Despite the success in providing rational explanations and predictions of free energies, most current work based on free energy perturbation (FEP) simulations suffers from the same sort of problems. First, FEP calculations reside on statistical mechanics and, in theory, as the number configurations sampled increases, the free energy should converge towards the experimental. Second, truncation of non-bonded potentials, particularly long-range electrostatics, tends to introduce instabilities in the simulated trajectories. Correct treatment of long-range potentials has received considerable attention during recent years. Hansson and Åqvist (1995) showed that using a too small cut-off suppressed some of the solvent's resistance to polarization by charged groups and as a result the simulations did not converge. Recently, McCarrick and Kollman (1999) used a dual cut-off (8 Å/12 Å) which seemed to reduce the overall drift in the average coordinates.
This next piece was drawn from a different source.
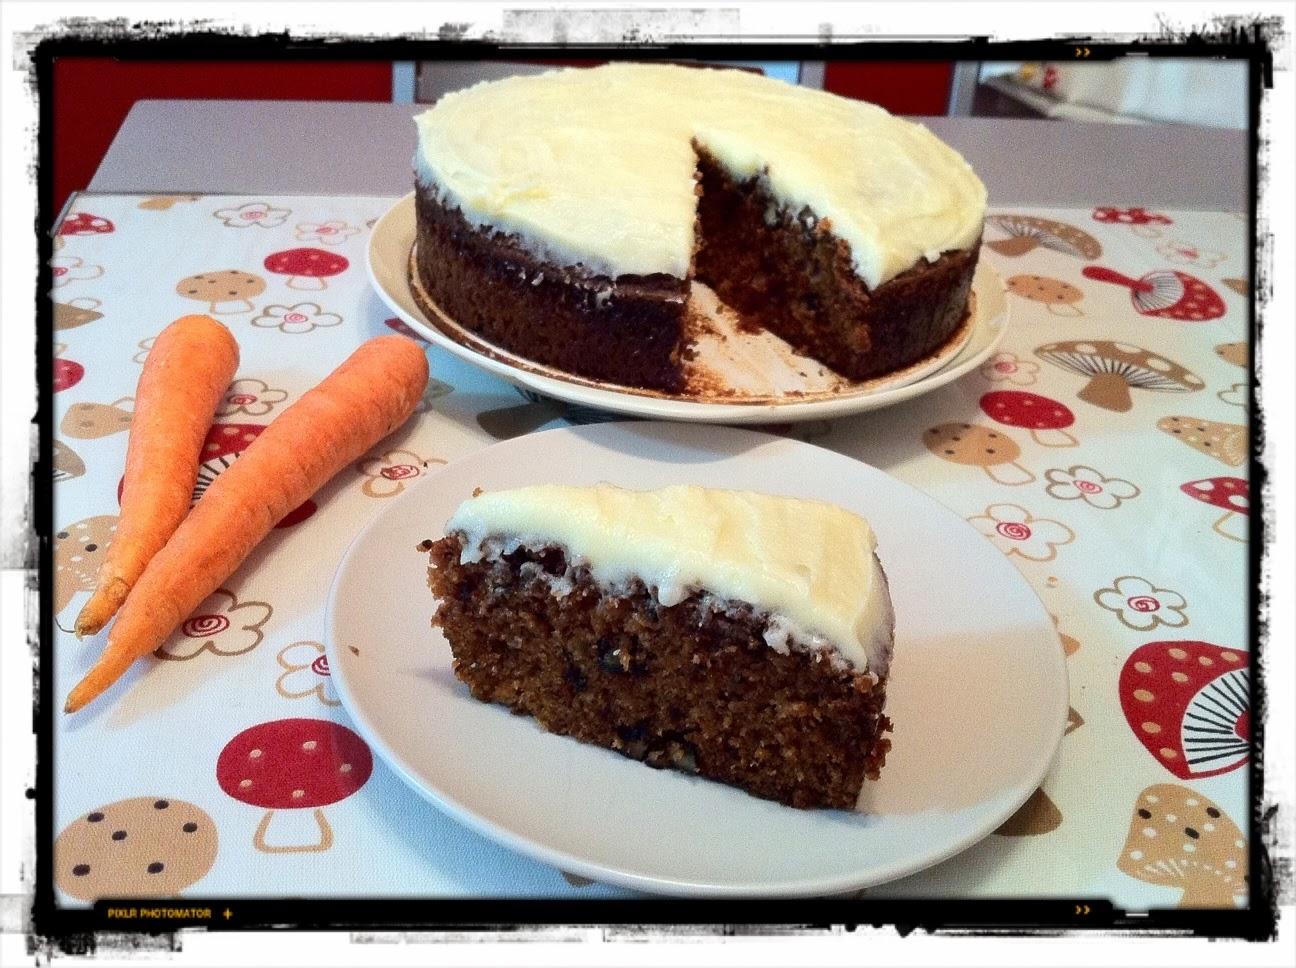 Receta de carrot cake (o pastel de zanahoria)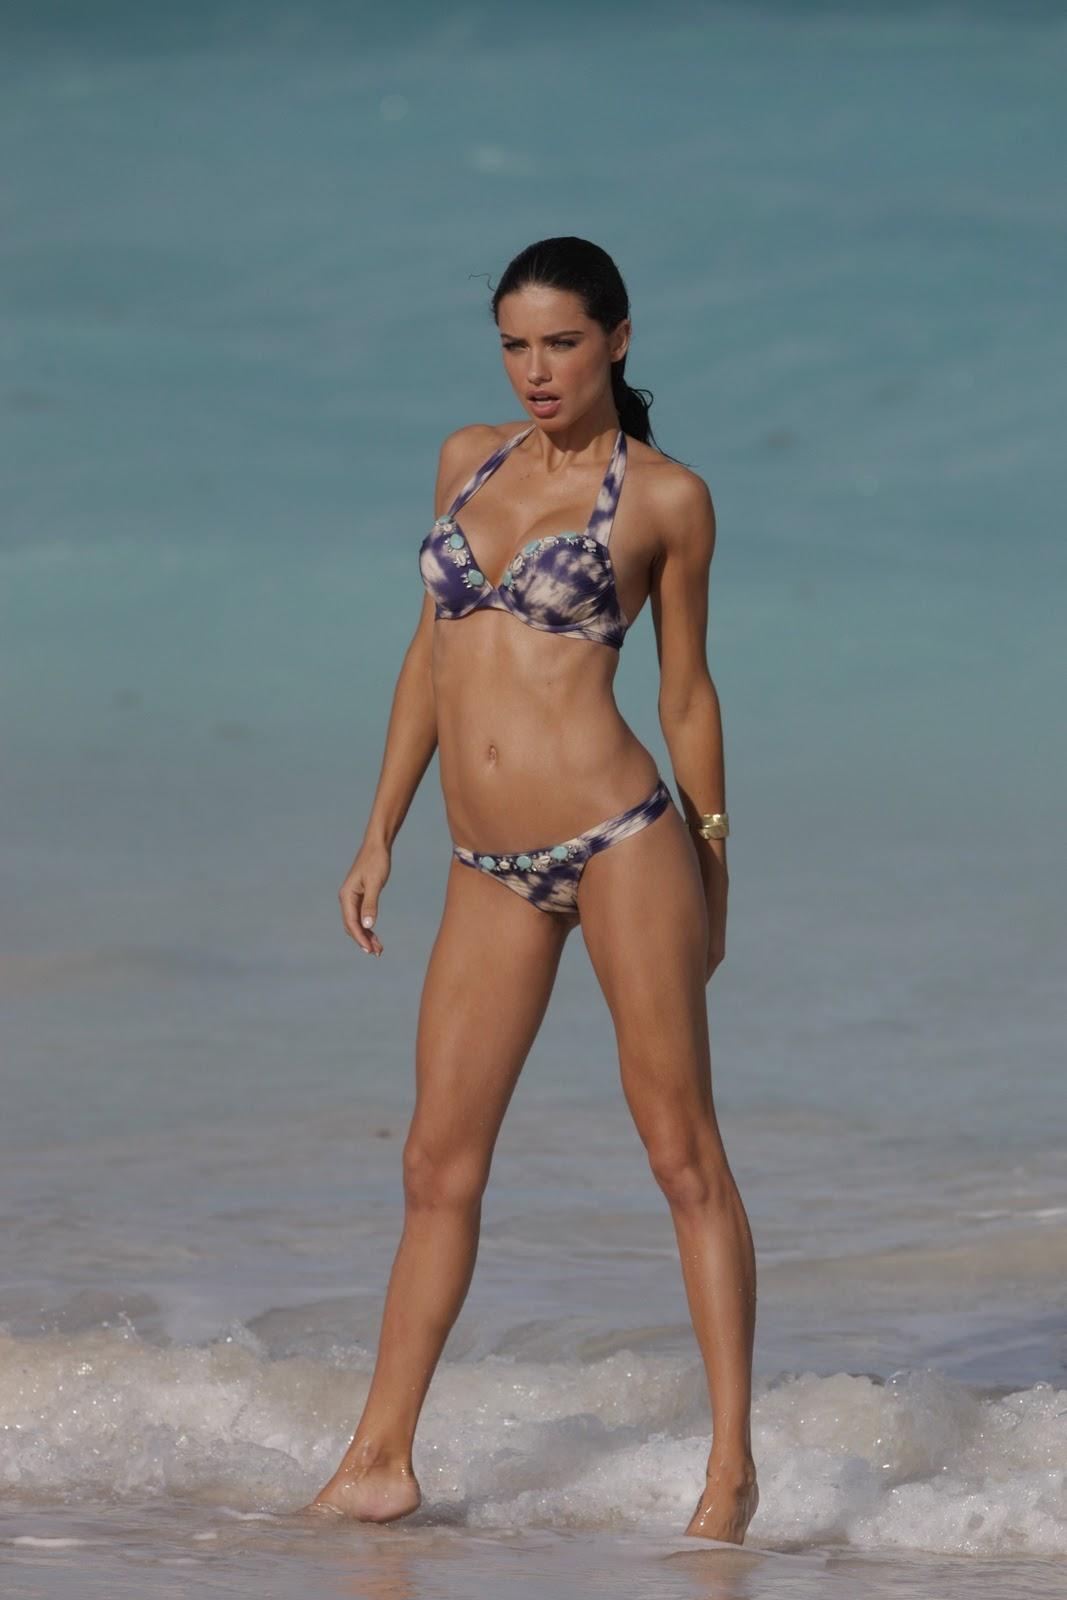 Adriana lima 2012 victoria039s secret beach bombshell advert 5

Problems related to truncation of the non-bonded potentials can be resolved by using a local reaction field approach (LRA) (Lee and Warshel, 1992
), which uses a Taylor expansion that yields approximately the same results as infinte cut-offs at a modest cost. Still, the problem of sampling enough configurations to obtain a reliable, converged free energy is far more difficult. Therefore, in order to improve our calculated binding free energies, we use an average of several simulations of different length.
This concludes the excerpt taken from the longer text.